According to Harvard research, the number one factor that impacts the feeling of happiness is the presence of meaningful connection and engagement. That same research says that the number one factor that determines the level of an employee’s happiness is the engagement level and transparency of his or her immediate supervisor. That department head that everyone thinks is a jerk? He’s costing you more than a few grumbles.

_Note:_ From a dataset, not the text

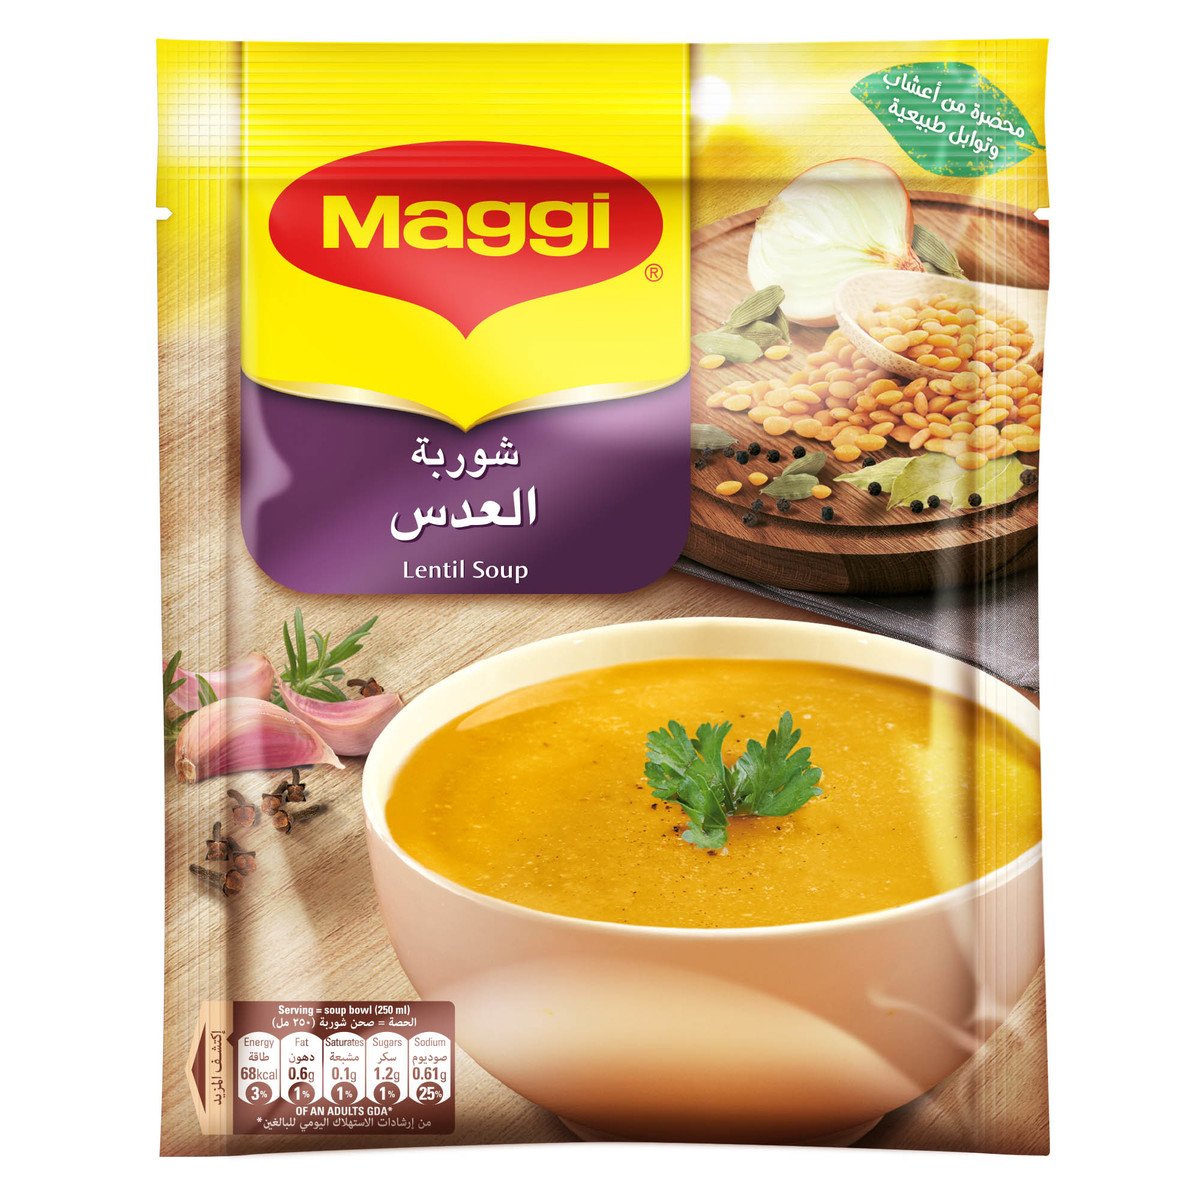 Maggi Lentil Soup Sachet 84g

ROI #4 Better Customer Engagement and Service. One of my clients taught me that “you can’t give away what you don’t have”. I’ve written a lot about the value of a highly engaged, Fiercely Loyal brand community of customers and clients, so I’m not going to dive into that here. The point I want to tease out for this conversation is that it is far easier to create this kind of customer-centric experience if your internal team  is experiencing it themselves. What does tha mean for you? The environment your sales team works in day in and day out is shaping the way they engage with your best customers.

ROI #5 It’s Just Nice to Be at Work. That may sound over simplified, but think about it. Today’s volatile market can make work incredibly stressful. With that kind of pressure, being at work can be difficult at best, miserable at worst. Because we spend more than half our lives on the job. wouldn’t it be nice to be happy while we’re there? Everyone does their best work when they are working with other happy people.  And “best work” usually equates to “more productive work” which equates to a better bottom line. So the next time someone proposes a C-Suite vs. Everyone Else Office Olympics, think of it as a deposit in the company bank account.

These are just a few of the top ROI’s on a highly engaged employee culture. I’d love to hear about others.